Security (or lack thereof)
On the other hand, this can also quickly turn into a disadvantage, as it also means that many security firewalls will try to break the TLS tunnel, since security vendors developed the rather bad habit to intentionally break TLS connections using a man-in-the-middle (MitM) attack, in order to look into the transported data and scan it for malware or other undesired data transmissions.
While this sounds like a good idea at first, it also destroys data integrity protection and the level of privacy an encrypted connection is able to provide, and that is a bad idea.

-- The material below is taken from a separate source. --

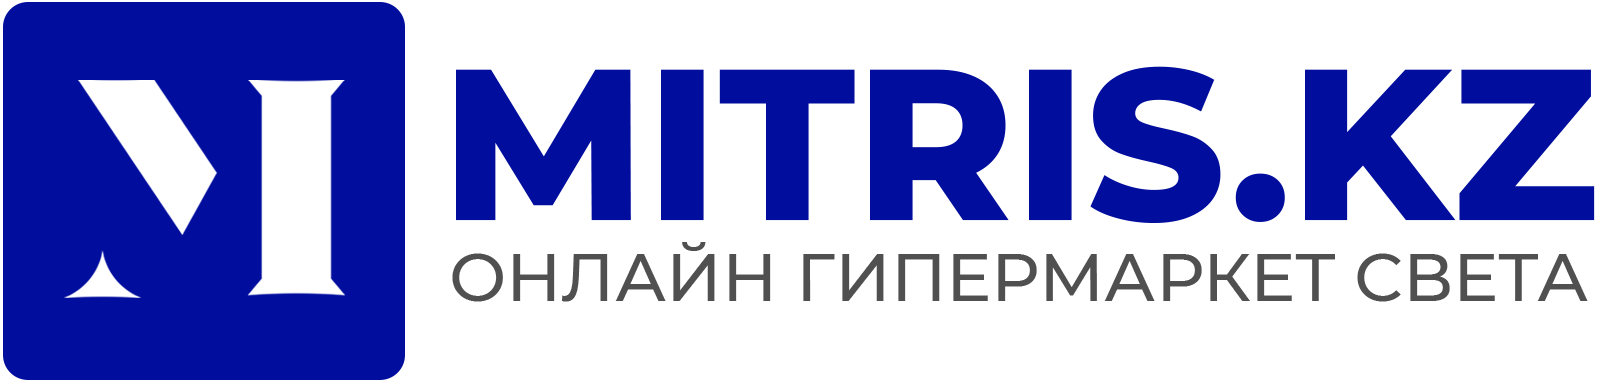 Mitris.kz - гипер интернет магазин с шоу-румом в г.Астана
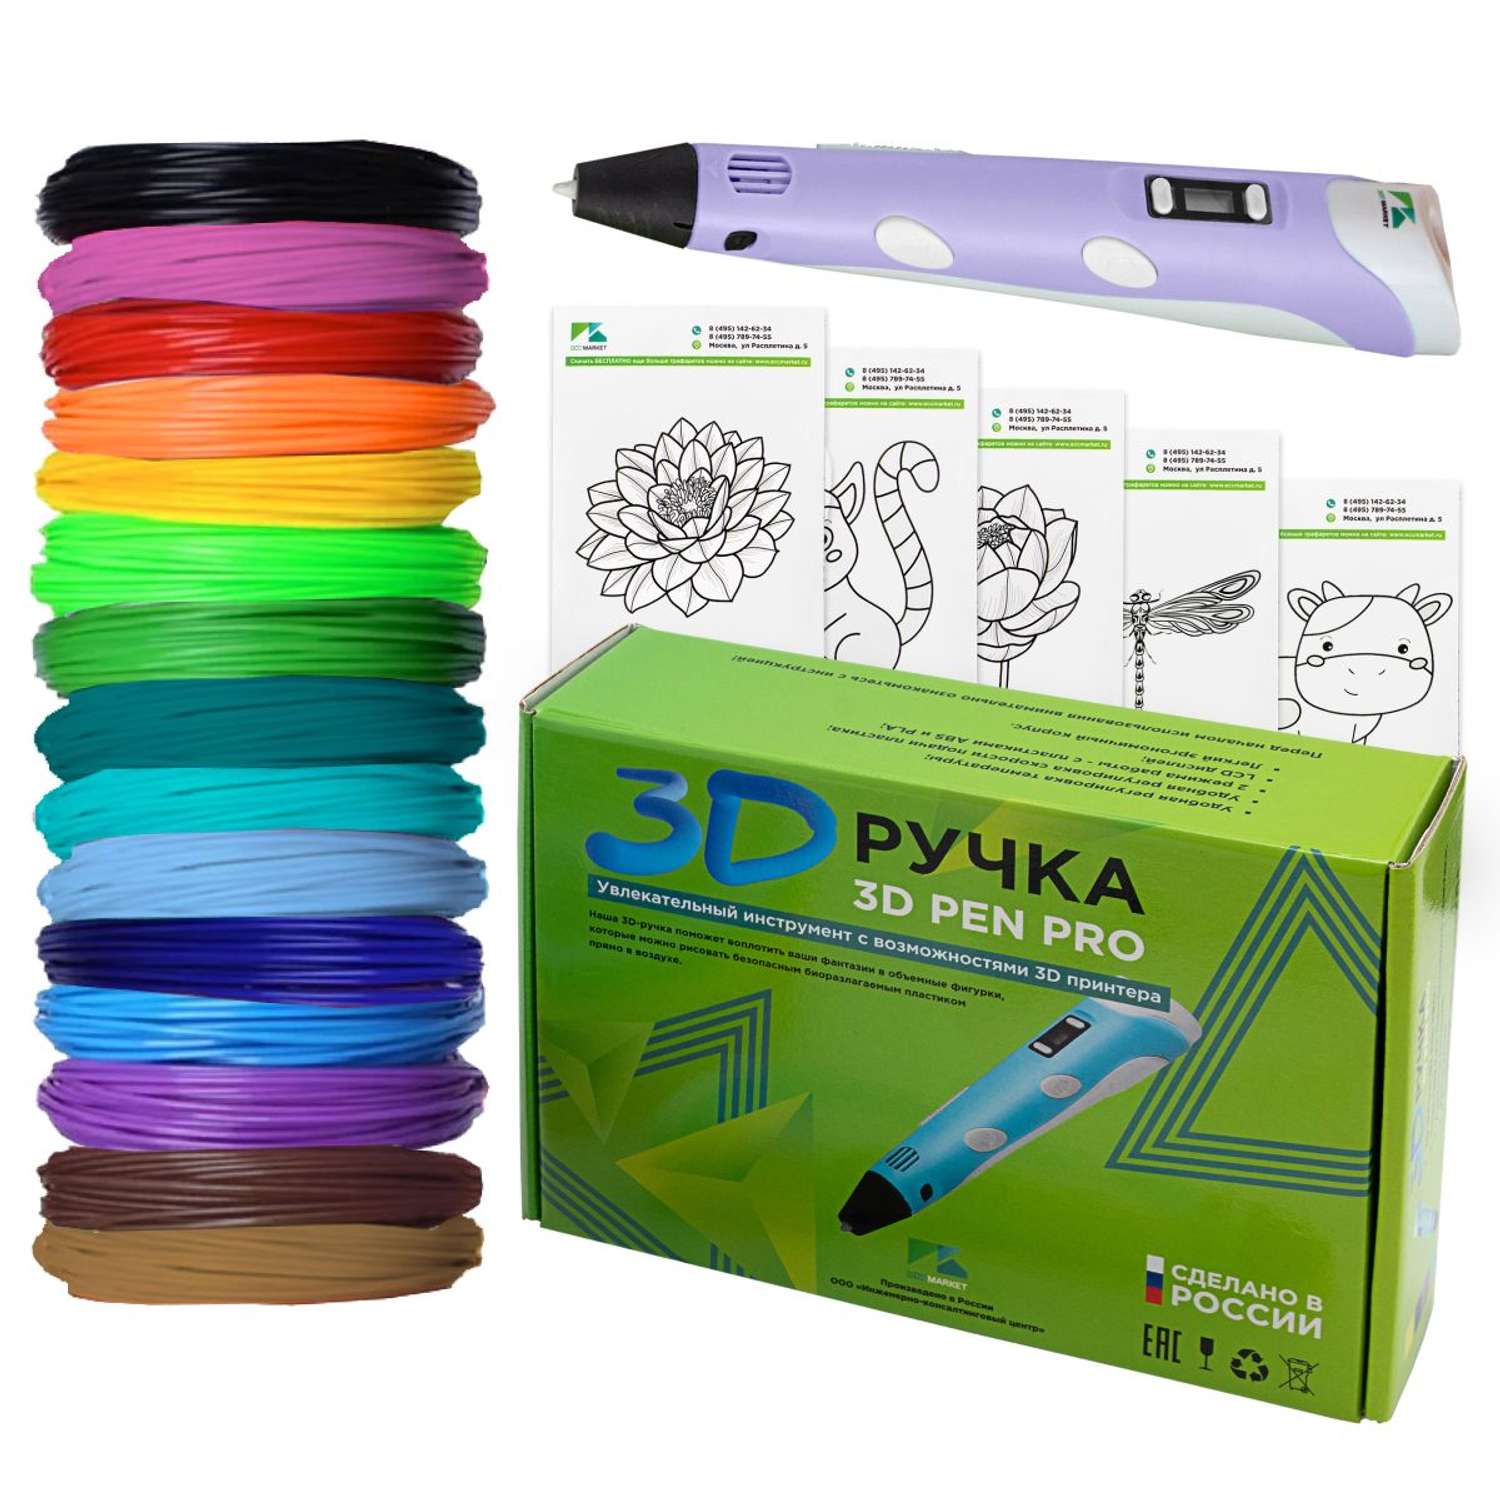 3D ручка ECC Market 3D Pen PRO 15 фиолетовая - фото 1

Regular users cannot distinguish a well meant MitM attack from an evil MitM attack – i.e. phishing attacks where an attacker just wants to steal passwords, credit card numbers, or trade secrets.
Of course such an "attack" does not go unnoticed, TLS is protected against it and the client informs the user (using a certificate warning) however, in the end, the users often have little choice: They can allow the attack to happen, in that case the VPN is no longer secure and protected, or they can deny it, but then the firewall may block the connection completely, leaving the user with no VPN at all.
The only way to tell the difference between attacks is if users have initially been given a certificate by a trusted person (e.g. the IT administrator), which they first need to have manually installed and trusted on their device for all SSL VPN connections.
How do Man-in-the-Middle attacks work?
For all MitM attacks, the firewall acts like the VPN gateway to the user and like the user to the gateway. That way, it can decrypt all the data in the middle and re-encrypt it without either side noticing.
The one thing a MitM attack cannot do is fake the gateway certificate used for TLS server authentication. Instead, it must replace this certificate with its own one, which the client will notice and warn the user about. The client is then given the option to either trust this "incorrect certificate" or not.
Unless trusted, the TLS handshake will stop immediately and no TLS connection can be established.
Is this problem unique to TLS?
Of course, a similar attack is also possible with other VPN protocols, but firewalls are usually only designed to break TLS and will thus leave other VPN protocols alone.
Moreover, this is only possible if authentication is certificate-based and certificates are exchanged on the fly during connection establishment, as is the case with TLS.
If certificates or keys are exchanged prior to that (e.g. via config distribution, as is the case for WireGuard® or OpenVPN), or if the authentication is based on a different method, like a pre-shared secret (e.g. IPsec using pre-shared keys), there is no way a firewall could break into that without possessing the configured certificates/keys or shared secret. It goes without saying that this is a highly unlikely scenario, as VPN 101 states only trusted endpoints should have access to this information.